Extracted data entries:
━━━━━━━━━━━━━━━━

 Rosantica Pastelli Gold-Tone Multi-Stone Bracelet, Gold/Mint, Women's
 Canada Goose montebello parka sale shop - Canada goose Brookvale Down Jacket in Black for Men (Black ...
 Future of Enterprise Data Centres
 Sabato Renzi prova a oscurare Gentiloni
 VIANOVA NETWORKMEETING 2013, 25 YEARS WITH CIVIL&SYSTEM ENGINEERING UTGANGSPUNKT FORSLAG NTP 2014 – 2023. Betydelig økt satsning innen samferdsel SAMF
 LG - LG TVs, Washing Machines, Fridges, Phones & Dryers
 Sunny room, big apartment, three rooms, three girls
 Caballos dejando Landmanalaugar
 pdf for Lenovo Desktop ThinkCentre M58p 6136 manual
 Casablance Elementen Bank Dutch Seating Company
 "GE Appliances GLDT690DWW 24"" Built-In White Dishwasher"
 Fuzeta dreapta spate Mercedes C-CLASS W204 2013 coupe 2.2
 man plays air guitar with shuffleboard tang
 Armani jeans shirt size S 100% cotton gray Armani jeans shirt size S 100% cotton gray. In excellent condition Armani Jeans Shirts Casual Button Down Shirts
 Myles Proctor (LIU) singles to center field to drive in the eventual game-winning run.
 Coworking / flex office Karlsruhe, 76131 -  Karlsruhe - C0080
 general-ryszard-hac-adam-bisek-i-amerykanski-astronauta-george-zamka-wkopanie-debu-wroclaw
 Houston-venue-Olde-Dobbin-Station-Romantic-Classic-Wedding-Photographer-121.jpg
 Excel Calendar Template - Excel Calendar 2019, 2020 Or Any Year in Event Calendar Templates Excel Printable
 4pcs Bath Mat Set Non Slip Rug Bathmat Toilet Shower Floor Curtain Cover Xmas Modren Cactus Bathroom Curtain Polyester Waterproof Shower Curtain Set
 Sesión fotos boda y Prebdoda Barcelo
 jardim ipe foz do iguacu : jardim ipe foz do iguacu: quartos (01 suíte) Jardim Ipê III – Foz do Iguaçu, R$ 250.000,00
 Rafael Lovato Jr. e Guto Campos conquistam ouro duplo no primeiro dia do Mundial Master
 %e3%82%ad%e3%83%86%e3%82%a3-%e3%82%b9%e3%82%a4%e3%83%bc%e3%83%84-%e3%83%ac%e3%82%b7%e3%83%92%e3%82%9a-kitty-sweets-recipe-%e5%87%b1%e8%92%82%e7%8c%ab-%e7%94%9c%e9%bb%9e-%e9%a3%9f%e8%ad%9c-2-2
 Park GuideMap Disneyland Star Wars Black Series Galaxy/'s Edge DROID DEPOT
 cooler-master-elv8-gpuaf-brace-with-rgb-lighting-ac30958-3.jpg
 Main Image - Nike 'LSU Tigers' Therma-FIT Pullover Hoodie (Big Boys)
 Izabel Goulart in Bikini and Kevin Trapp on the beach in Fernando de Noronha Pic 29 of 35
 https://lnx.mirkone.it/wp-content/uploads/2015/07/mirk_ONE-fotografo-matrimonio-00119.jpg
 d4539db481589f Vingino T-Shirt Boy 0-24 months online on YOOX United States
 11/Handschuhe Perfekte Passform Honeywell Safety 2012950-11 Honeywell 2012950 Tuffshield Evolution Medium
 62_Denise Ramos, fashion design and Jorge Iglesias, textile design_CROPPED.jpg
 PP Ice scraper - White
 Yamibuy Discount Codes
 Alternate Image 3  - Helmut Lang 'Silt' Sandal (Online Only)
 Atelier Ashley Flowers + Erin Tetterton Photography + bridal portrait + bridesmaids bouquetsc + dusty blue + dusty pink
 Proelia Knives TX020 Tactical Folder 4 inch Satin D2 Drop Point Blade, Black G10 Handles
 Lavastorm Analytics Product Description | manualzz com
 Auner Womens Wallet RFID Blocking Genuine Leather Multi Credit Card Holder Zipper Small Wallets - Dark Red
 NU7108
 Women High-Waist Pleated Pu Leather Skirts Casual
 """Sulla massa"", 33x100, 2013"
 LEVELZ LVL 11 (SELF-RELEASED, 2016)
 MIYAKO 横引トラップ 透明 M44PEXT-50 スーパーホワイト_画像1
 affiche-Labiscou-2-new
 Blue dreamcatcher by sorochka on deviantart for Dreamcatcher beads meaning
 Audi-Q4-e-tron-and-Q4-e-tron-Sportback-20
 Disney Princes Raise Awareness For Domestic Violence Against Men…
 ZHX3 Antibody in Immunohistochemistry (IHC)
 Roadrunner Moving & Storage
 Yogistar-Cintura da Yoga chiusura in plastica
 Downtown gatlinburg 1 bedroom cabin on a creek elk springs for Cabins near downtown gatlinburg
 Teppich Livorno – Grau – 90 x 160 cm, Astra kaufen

━━━━━━━━━━━━━━━━

**GOAL OF THE EXERCISE**
Pull every line with "Black" from the records.

**TASK RESPONSE**
 Canada Goose montebello parka sale shop - Canada goose Brookvale Down Jacket in Black for Men (Black ...
 Park GuideMap Disneyland Star Wars Black Series Galaxy/'s Edge DROID DEPOT
 Proelia Knives TX020 Tactical Folder 4 inch Satin D2 Drop Point Blade, Black G10 Handles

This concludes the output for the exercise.